A análise do diário seguiu um procedimento semelhante ao das entrevistas, usando as mesmas ferramentas do processador de texto. O texto foi recortado em unidades de registo, numa tabela com as colunas de numeração das unidades, o texto propriamente dito, e as colunas destinadas à identificação das unidades. Foram usados três séries de códigos.

A primeira codificação contava com:

 Ambiente de sala – referências ao modo de trabalho (coletivo, de grupo, individual), ao ambiente “emocional” (tenso, descontraído, silencioso,…)

 Disposição dos alunos – esquema da disposição das mesas de trabalho e o lugar ocupado por cada aluno ou aluna

 Entrevistas – indicações e reflexões sobre as entrevistas realizadas

 Índice de entrada no diário – título, data, palavras-chave do conteúdo do registo daquele dia

 Número de dia – dados obtidos da observação em tempo real da atividade e reflexões correspondentes

 Professora – reflexões de qualquer espécie sobre a professora

 Reflexões sobre a investigação – sobre o andamento do trabalho, as preocupações,…  Seleção dos participantes – reflexões, critérios,… que diziam respeito à seleção dos

participantes

 Trabalho da turma – conteúdo curricular em trabalho na aula

 Reuniões com a professora – conteúdo das conversas tidas com a professora, mas que não encaixava nos códigos acima enunciados.

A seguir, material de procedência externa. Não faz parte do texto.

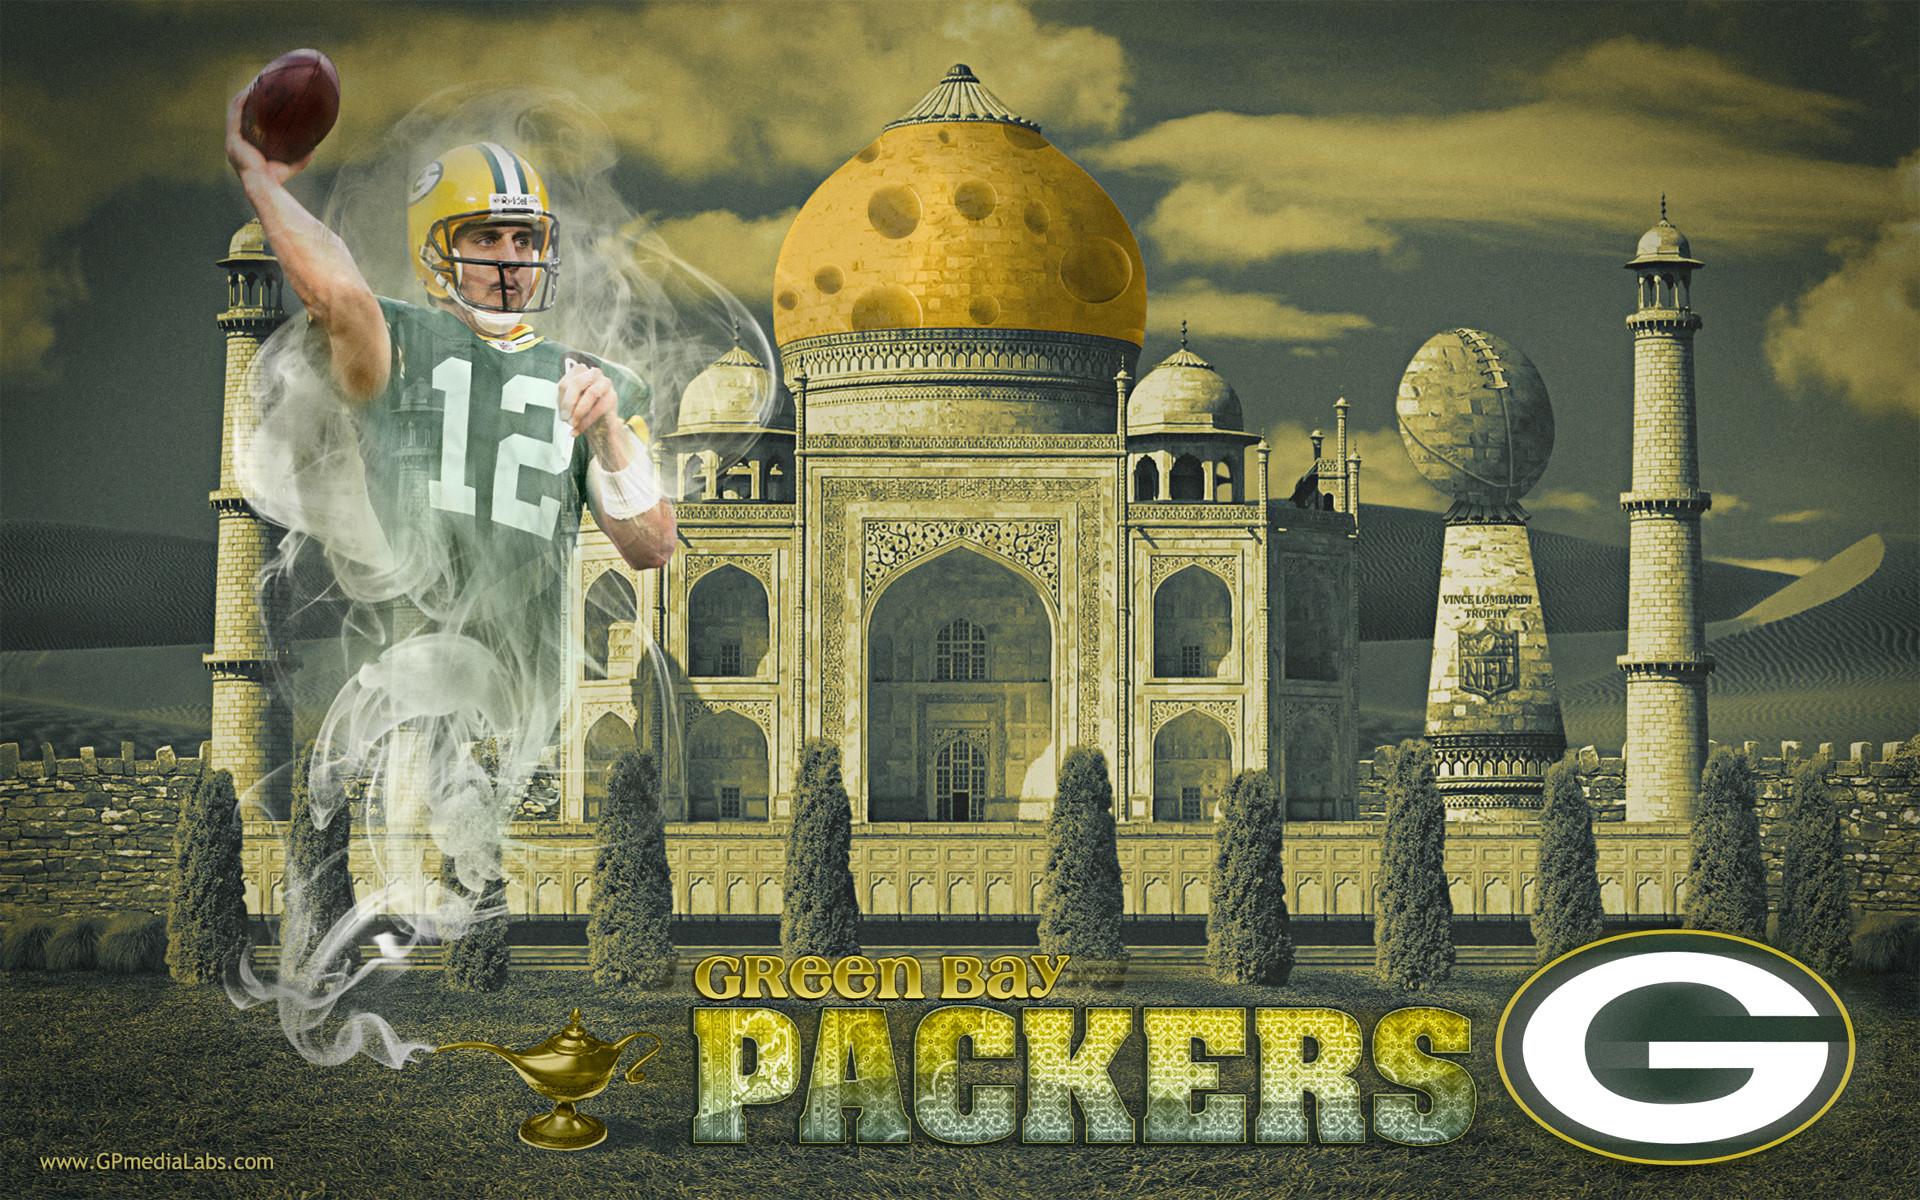 Download wallpaper: 1440 x 900 • • 2560 x 1600. Green Bay Packers  Wallpaper Aaron Rodgers

Uma segunda etiquetagem foi feita independente da primeira, numa nova coluna da tabela. Dizia respeito a tópicos de conhecimento matemático (ou não) em discussão na aula. Tinha em conta o conhecimento matemático observado (e eventualmente de outra disciplina).

 Geral – aspetos gerais da ação dos alunos relativamente a tópicos matemáticos ou outros

 Adição – processos de cálculo (excluindo o cálculo mental)  Divisão – idem

 Multiplicação – idem  Subtração – idem

 Cálculo mental – comentários sobre o desempenho dos participantes (e outros alunos), incluindo estratégias, quando explicitadas.

 Resolução de problemas – comentários ao modo de trabalho e ao tipo de problemas  Formulação de problemas – comentários às atividades de formulação observadas A terceira codificação, numa nova coluna, identificava o aluno que era mencionado nas unidades já criadas pelos outros códigos.

Tal como foi feito para as entrevistas, a manipulação da ferramenta de ordenação permitiu o agrupamento de categorias semelhantes e a extração da informação relevante.